Les patients sont insuffisamment informés de leurs droits et des règles de vie dans les unités. Les livrets d’accueil correspondent à l’ensemble du GHU et ne sont pas spécifiques du site ; ils ne sont pas systématiquement distribués, ni expliqués aux patients. Les décisions sont notifiées ainsi que les droits, mais sans un temps d’explication renouvelé. Les soignants sont peu formés aux procédures ; les patients connaissent mal le rôle des représentants des usagers, de la commission des usagers, du juge des libertés et de la détention (JLD).

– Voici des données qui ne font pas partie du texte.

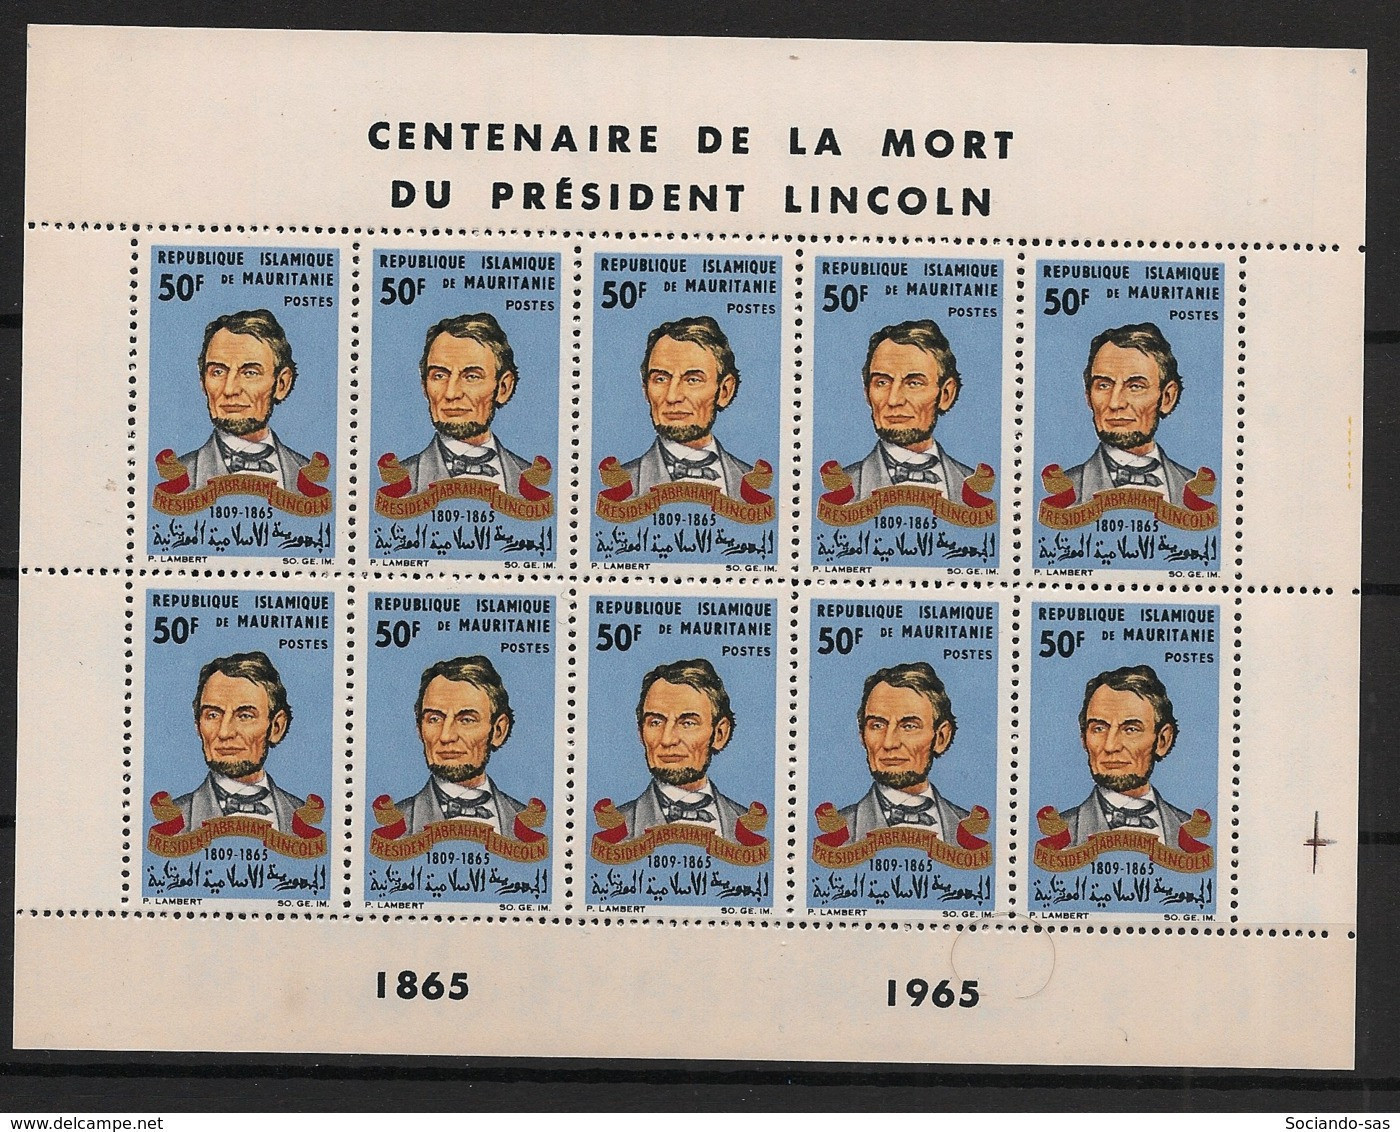 MAURITANIE - 1965 - N°YT. 191 - Lincoln - Feuille Complète - Neuf Luxe ** / MNH / Postfrisch - Mauritania (1960-...)

Si les procédures sont correctement renseignées et le livre de la loi parfaitement tenu, les JLD, en sous-effectifs, ne sont pas en mesure d’exercer pleinement leur contrôle. Les audiences ne se tiennent que sur le site du CH Sainte-Anne et les contacts avec des patients isolés ou sous contention, par visio-conférence ou téléphone, inexistants.

Une réunion de restitution a eu lieu le 9 avril 2024 à 11h.

Un rapport provisoire a été adressé au début du mois de juillet au directeur du GHU, à l’agence régionale de santé d’Île de France, au président du tribunal judiciaire de Paris ainsi qu’à la procureure de la République près ce tribunal et au préfet de Paris pour une période d’échange contradictoire d’un mois.

Seul le directeur du GHU Paris psychiatrie et neurosciences a formulé en retour des observations, par courrier du 27/08/2024, auxquelles était joint un tableau récapitulatif détaillé comportant  remarques et plan d’actions afférents à chacune des recommandations, indiquant que certaines avaient  d’ores et déjà été prises en compte par l’établissement. Le directeur soulignait par ailleurs que plusieurs des recommandations formulées et les actions mises en place ou proposées en réponse ne pouvaient être totalement décorrélées du contexte conjoncturel national extrêmement tendu en termes de capacitaire et de personnel, impactant inexorablement l’organisation hospitalière. Ses observations sont insérées dans le corps du rapport, en police spécifique.

 

[1] CGLPL, Rapport de première visite, centre hospitalier Henry Ey Paris 13ème, 26 au 30 avril 2010 (en ligne).